→ **Your task**
Give back every line of the data exactly. Pictures are not part of the copy.

→ **Dataset extract**
>>
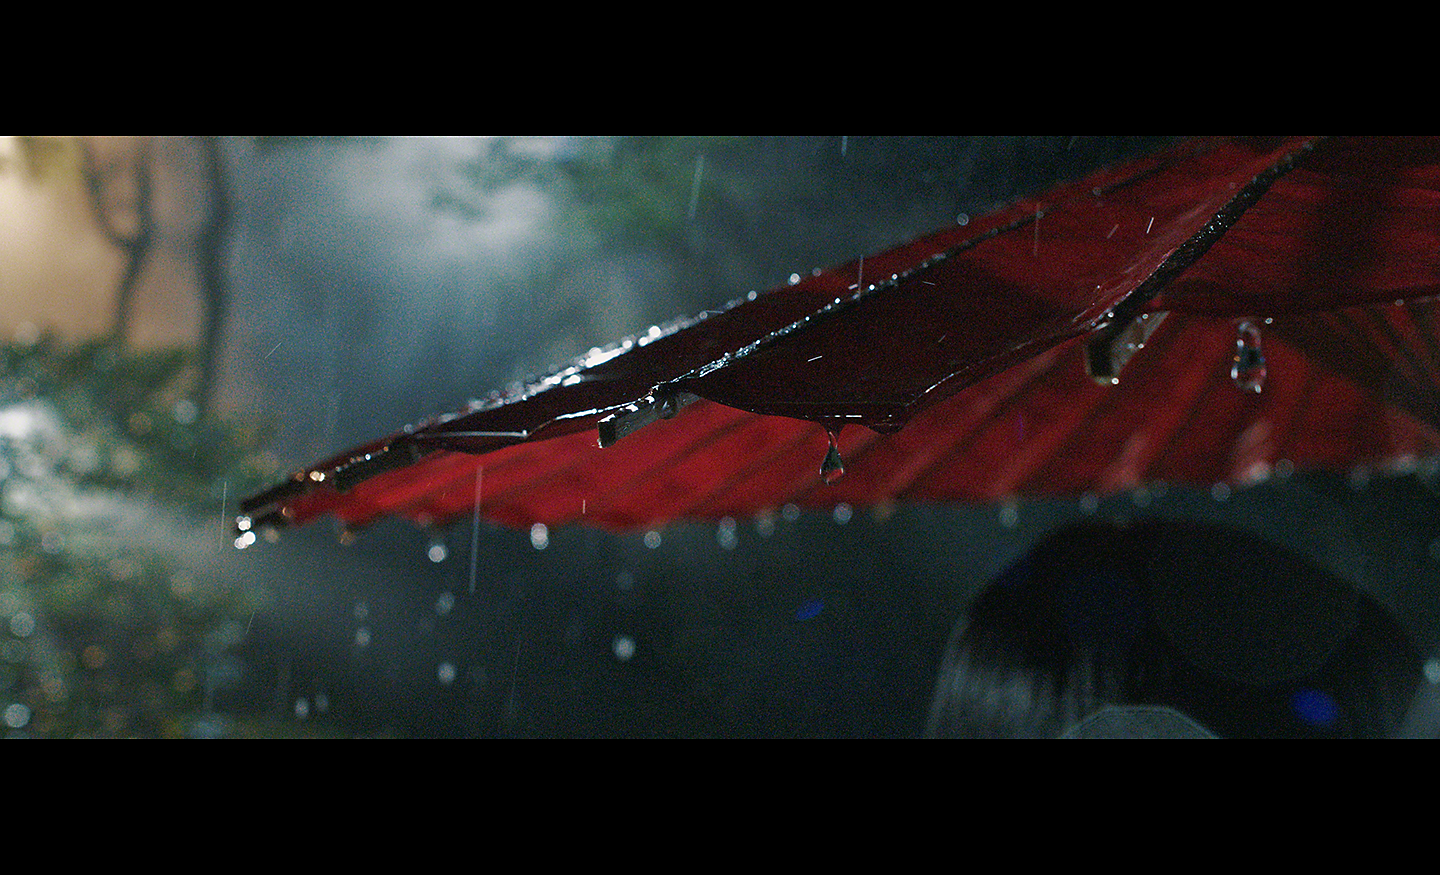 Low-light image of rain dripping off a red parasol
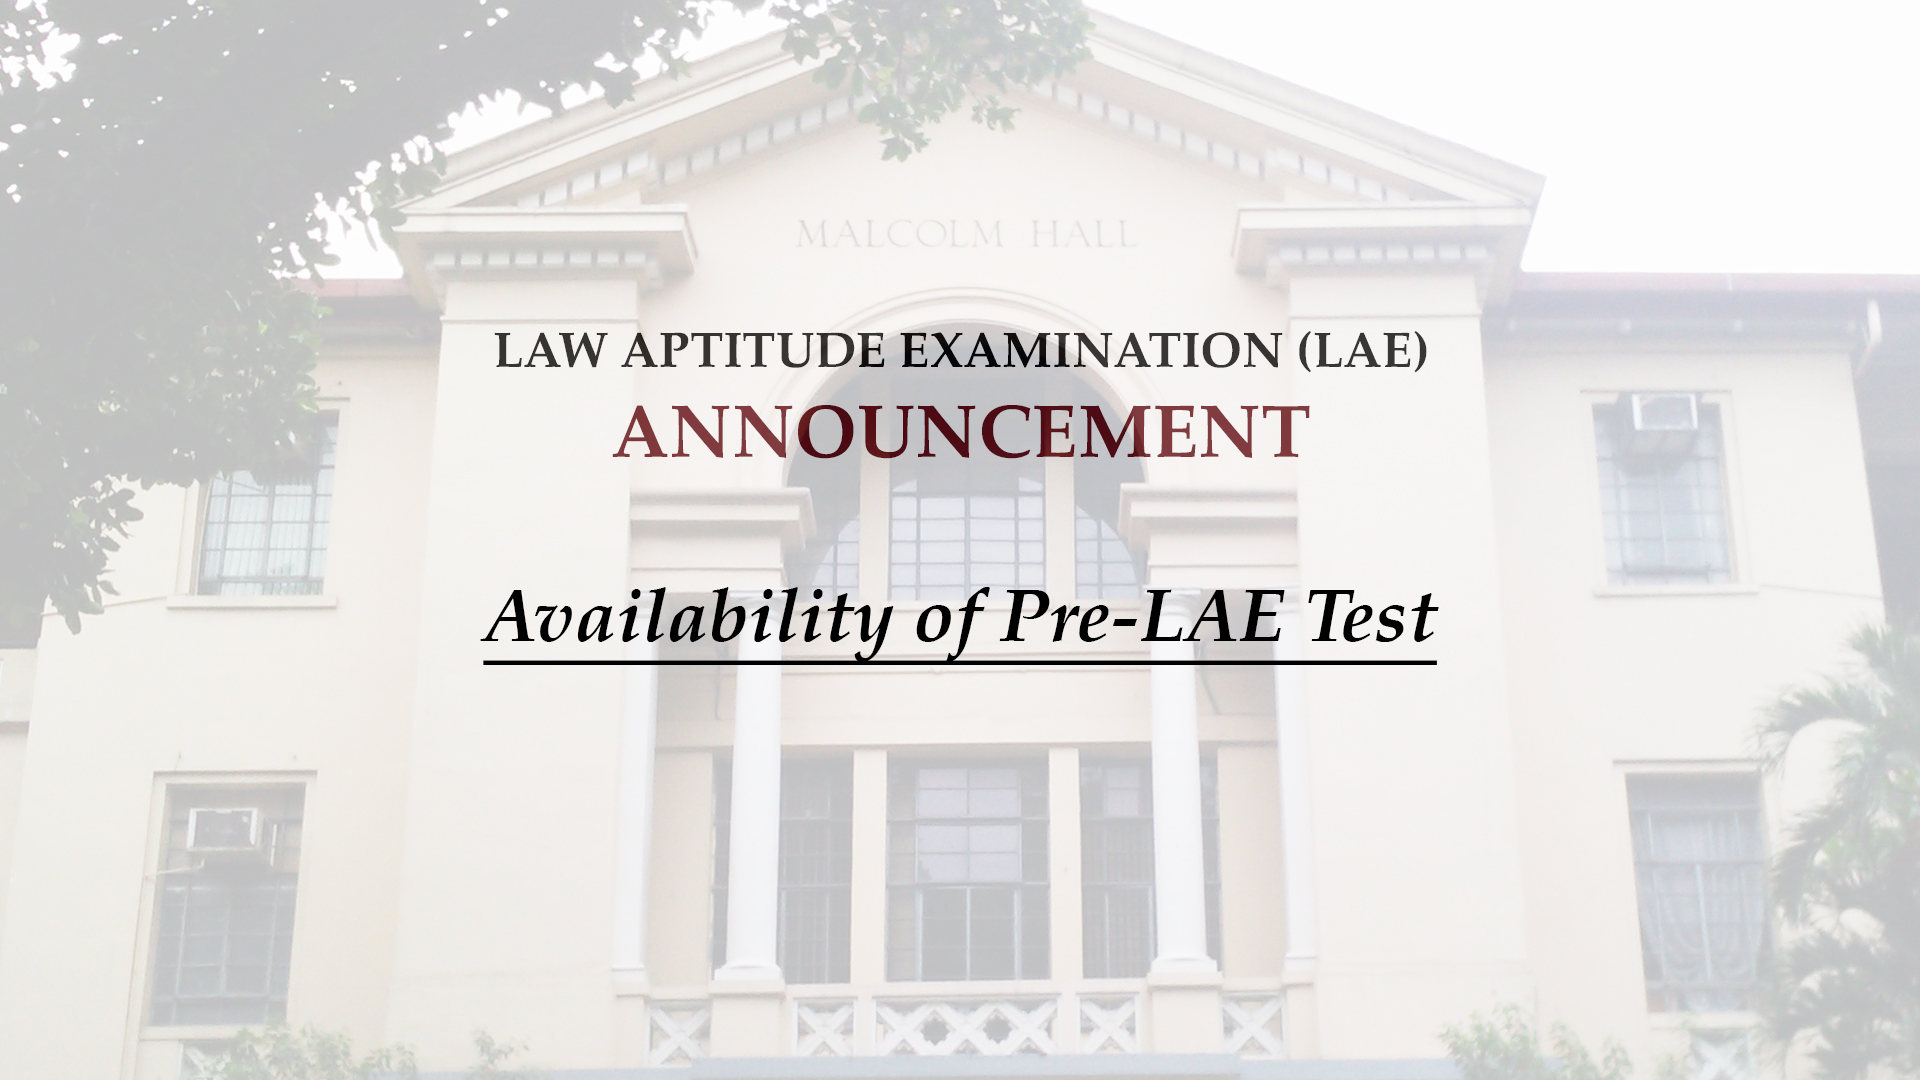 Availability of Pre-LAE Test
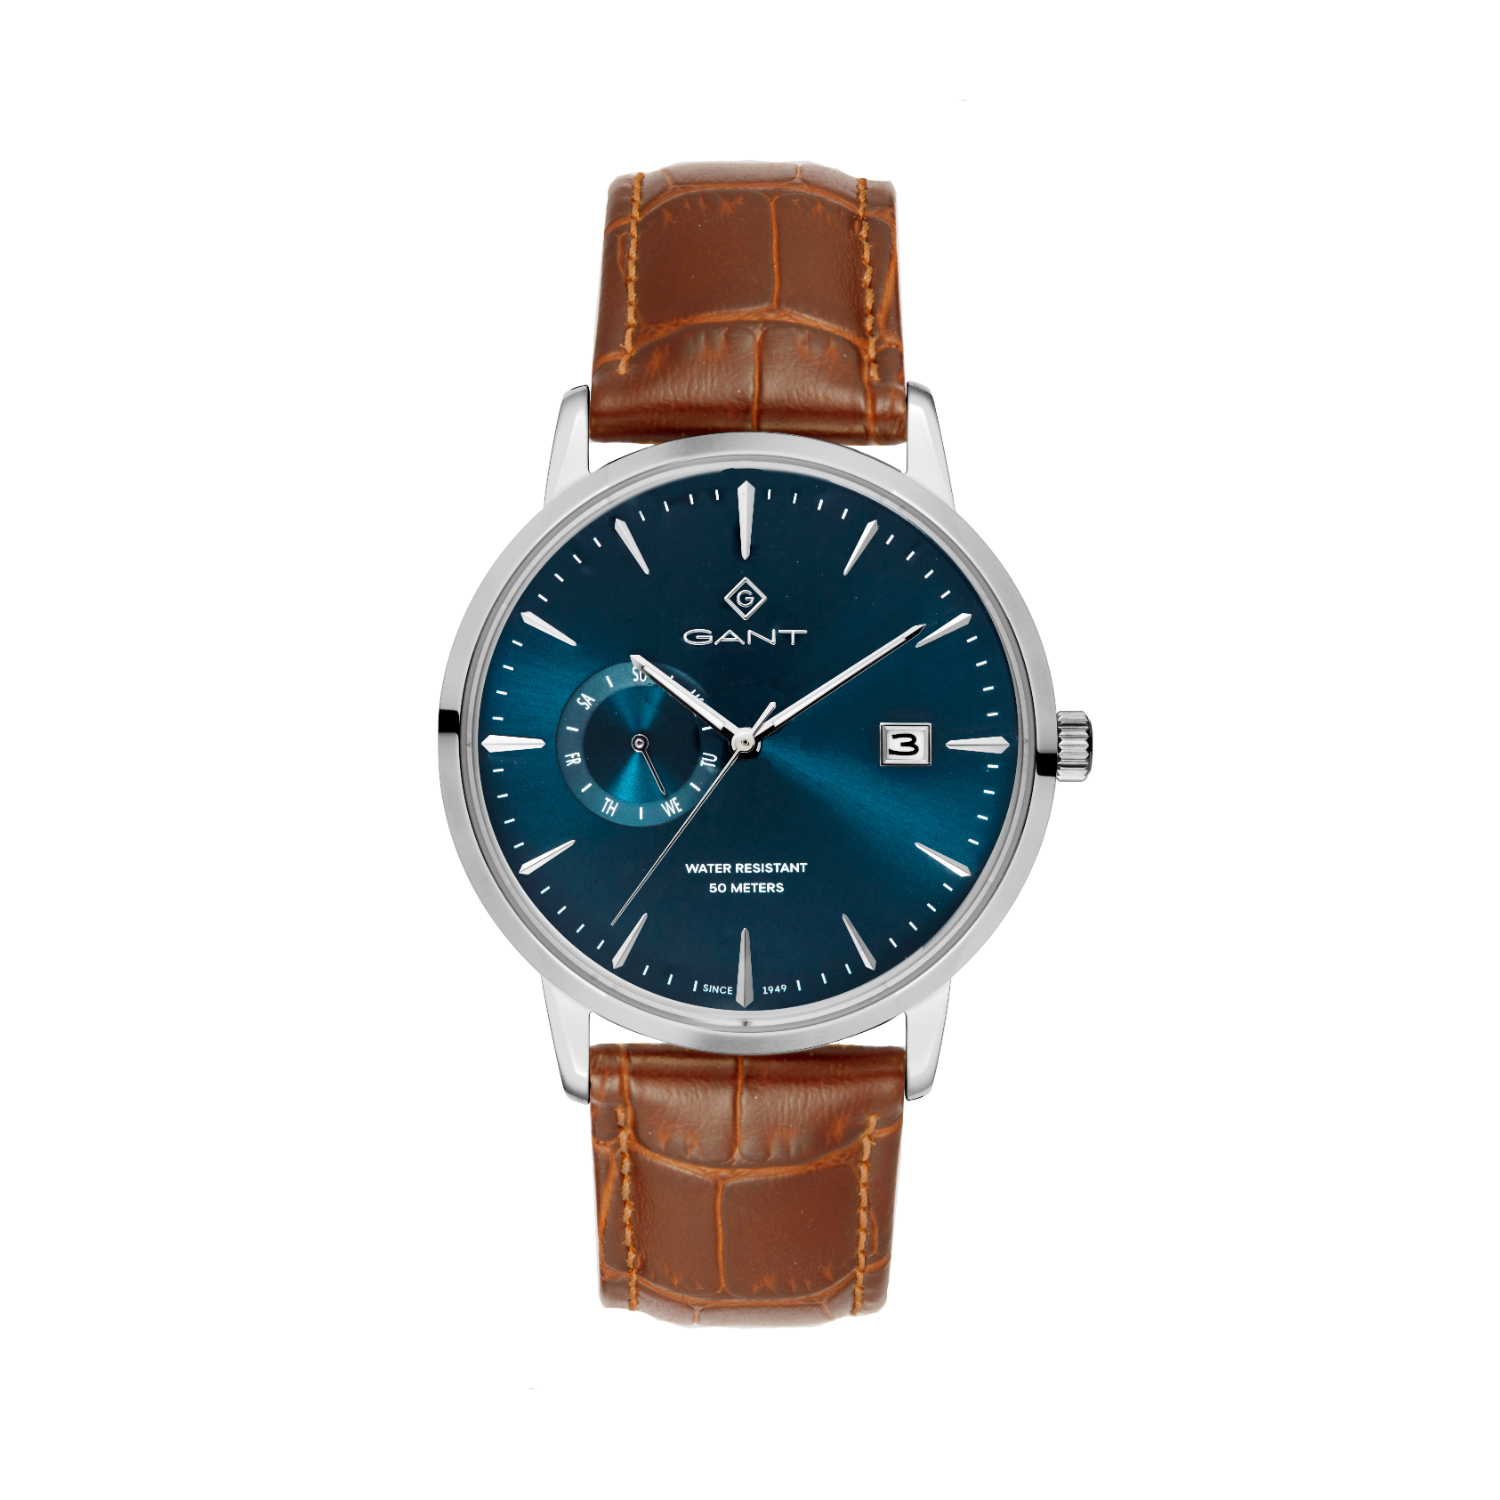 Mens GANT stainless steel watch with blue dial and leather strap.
<<
→ **Solution below**
 Low-light image of rain dripping off a red parasol
 Availability of Pre-LAE Test
 Mens GANT stainless steel watch with blue dial and leather strap.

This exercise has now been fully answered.